Security leaders are looking for new opportunities to make security more relatable outside of the IT and security organisation amongst their C-level peers and the board with key performance indicators beyond MTTD, MTTR (respond or remediate), and MTTP that translate well to other types of business risk.
The largest problem with most measurements is that we — the industry — don't have the expertise currently to translate security activity into quantifiable metrics that really matter to business stakeholders.
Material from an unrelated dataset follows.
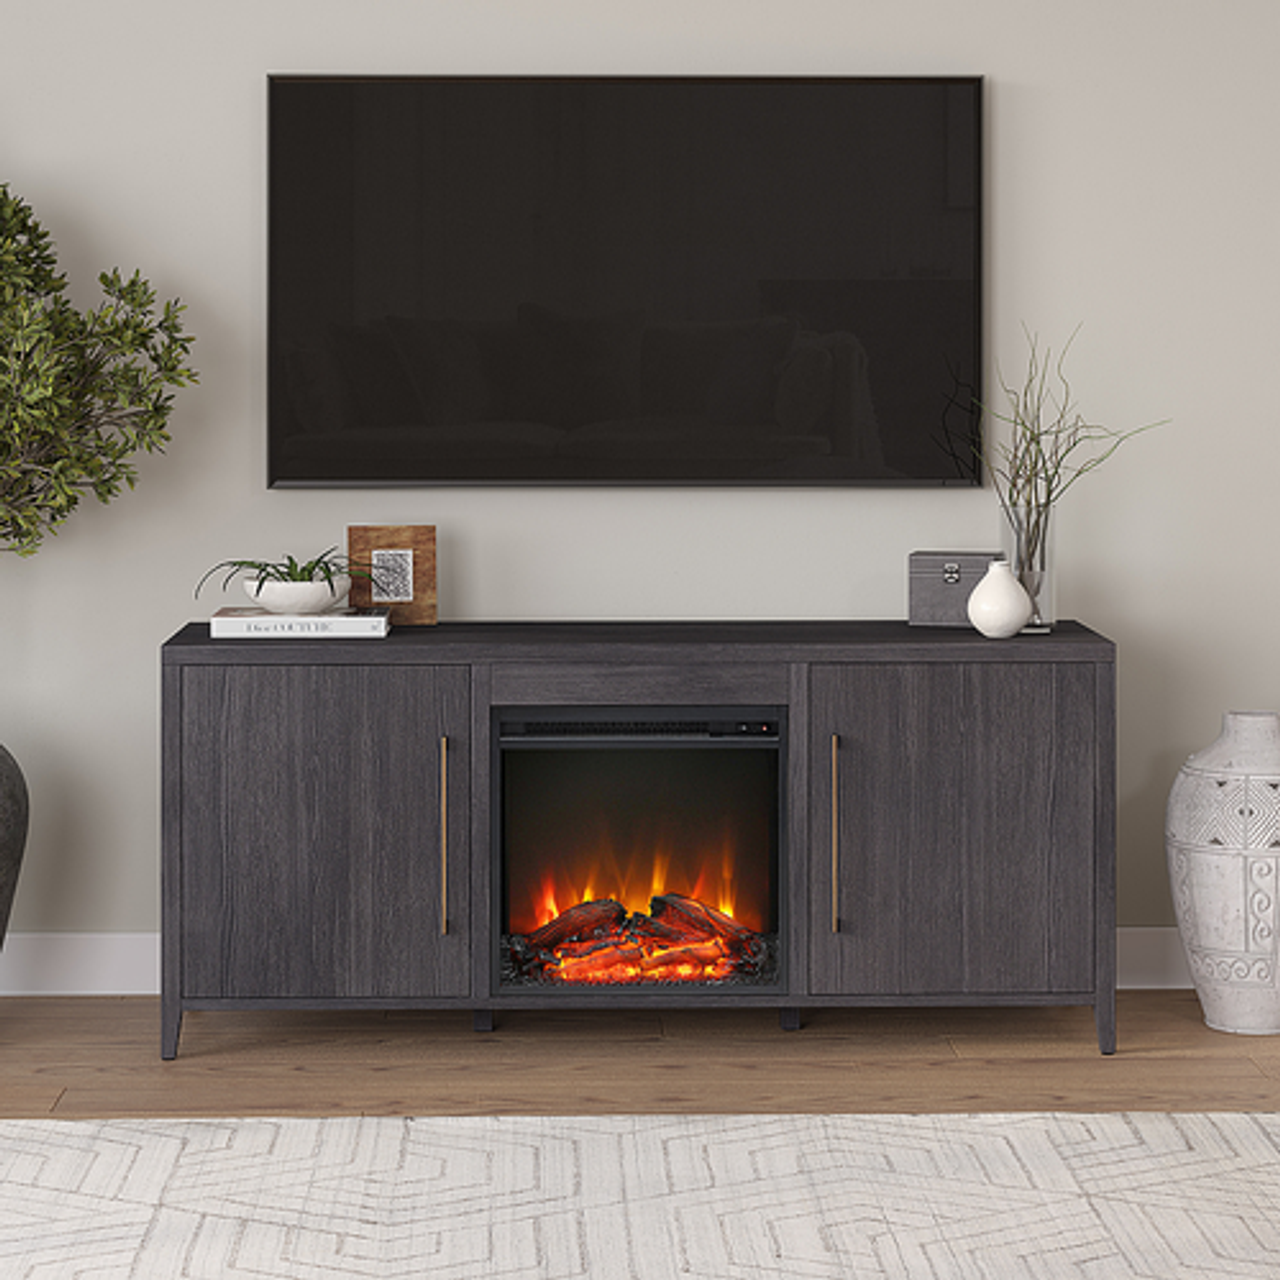 Camden&Wells - Jasper Log Fireplace TV Stand for Most TVs up to 65" - Charcoal Gray

Because what is the universal language of risk? Dollars. As the role of the cybersecurity leader continues to evolve, vendors are looking to crack the code with meaningful SOC metrics, human-readable reporting, and data visualisations to connect security outcomes and risk management strategies with business objectives as well as other initiatives like lowering cyber insurance premiums by demonstrating strong security posture.
While this theme did not crack the top five for trending topics this year, I anticipate we could see this next year as the demand grows.
Governance for generative AI
Threat researchers are acutely aware of the potential abuse of AI models, and governance for generative AI will be a top qualifying question for security teams interested in adopting this technology. With concerns around the recent ChatGPT breach, technology vendors should prioritise AI governance in tandem with building solutions to address top security use cases.
Partnerships and potential increased acquisitions volume
Side-bar conversations around consolidation within the industry were alive and well at RSAC. Several factors influenced this discussion, including:
- Security teams eyeing platform plays, fewer tools, and greater vendor consolidation
- A high volume of partnership announcements between enterprise giants and smaller vendors
- A higher emphasis on ecosystem integrations with ISVs
- Economic headwinds affecting the start-up community
Is 2023 the year we see greater convergence amongst vendors? Will the RSAC 2024 floor look different?